Hang-Z commented 1 year ago

Hi, pmixer: I want to test the model and see the performance, so I just run the command

python main.py --dataset=ml-1m --train_dir=default --dropout_rate=0.2 --device=cuda --state_dict_path='ml-1m_default/TiSASRec.epoch=601.lr=0.001.layer=2.head=1.hidden=50.maxlen=200.pth' --inference_only=true --maxlen=200

as your README. But I get this error:

size mismatch for time_matrix_K_emb.weight: copying a param with shape torch.Size([3417, 50]) from checkpoint, the shape in current model is torch.Size([257, 50]).

I notice in your code, the time span should be 256, why the pretrained model you provided is 3417?

Never mind, I just train a new model, and the testing performance is even a bit better than your paper. Thanks for your solid work~

pmixer commented 1 year ago

Hi, pmixer: I want to test the model and see the performance, so I just run the command

python main.py --dataset=ml-1m --train_dir=default --dropout_rate=0.2 --device=cuda --state_dict_path='ml-1m_default/TiSASRec.epoch=601.lr=0.001.layer=2.head=1.hidden=50.maxlen=200.pth' --inference_only=true --maxlen=200

as your README. But I get this error:

size mismatch for time_matrix_K_emb.weight: copying a param with shape torch.Size([3417, 50]) from checkpoint, the shape in current model is torch.Size([257, 50]).

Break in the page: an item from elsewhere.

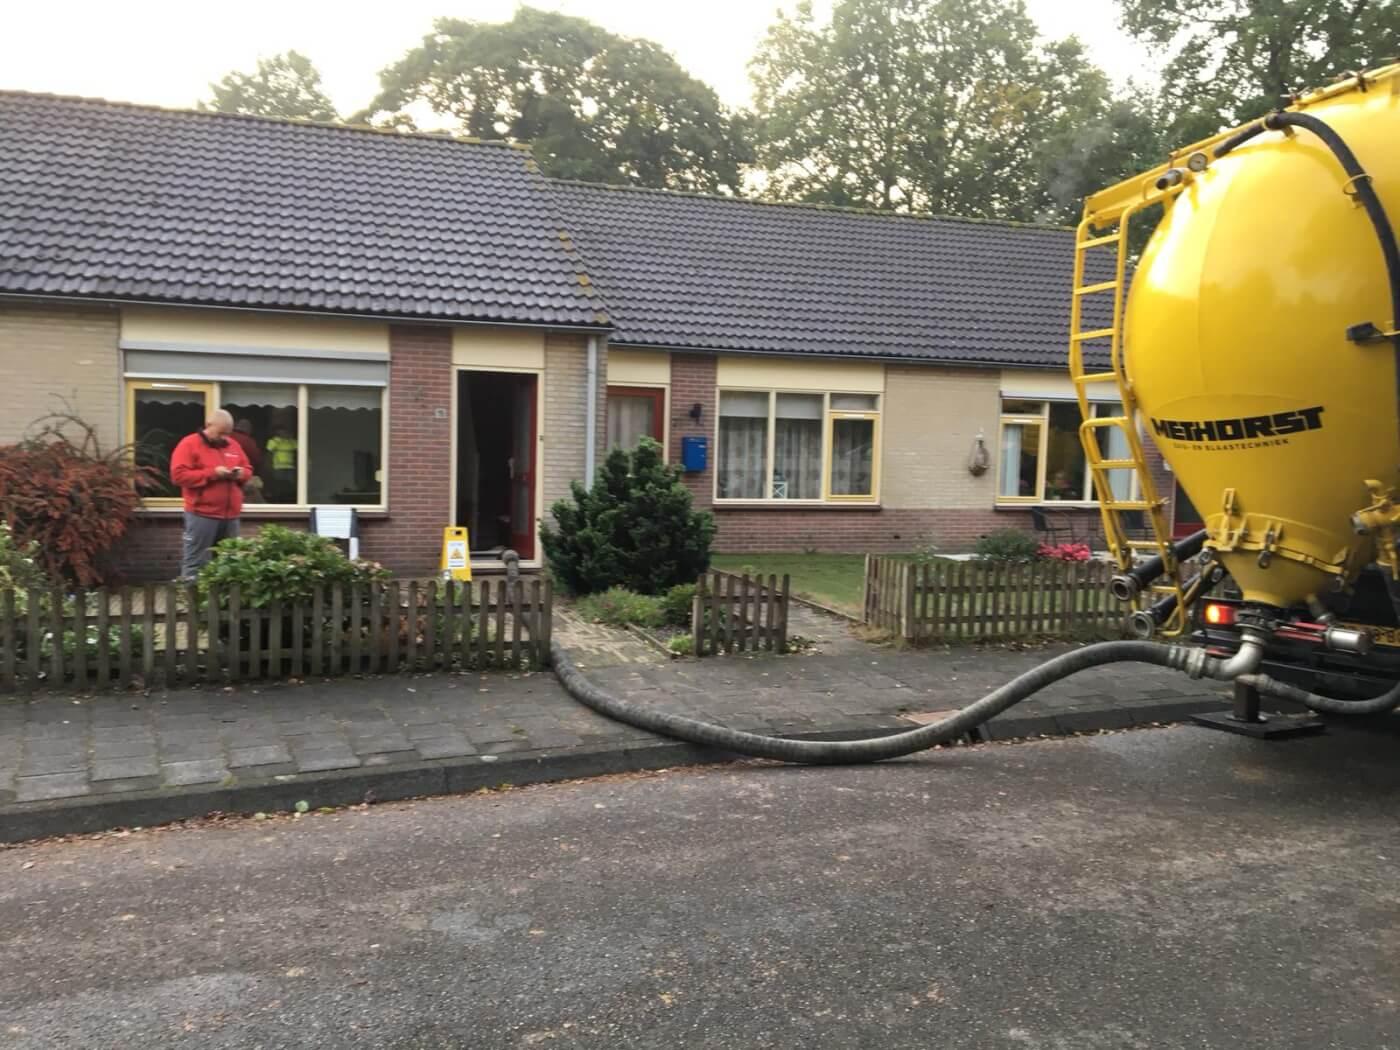 Zandspuiten Methorst Zuig- en Blaastechniek - kelder dichten

I notice in your code, the time span should be 256, why the pretrained model you provided is 3417?

Never mind, I just train a new model, and the testing performance is even a bit better than your paper. Thanks for your solid work~

sounds good, 3417 sounds like user/item num. btw, I'm not the paper author, just ported the code from tf to pytorch.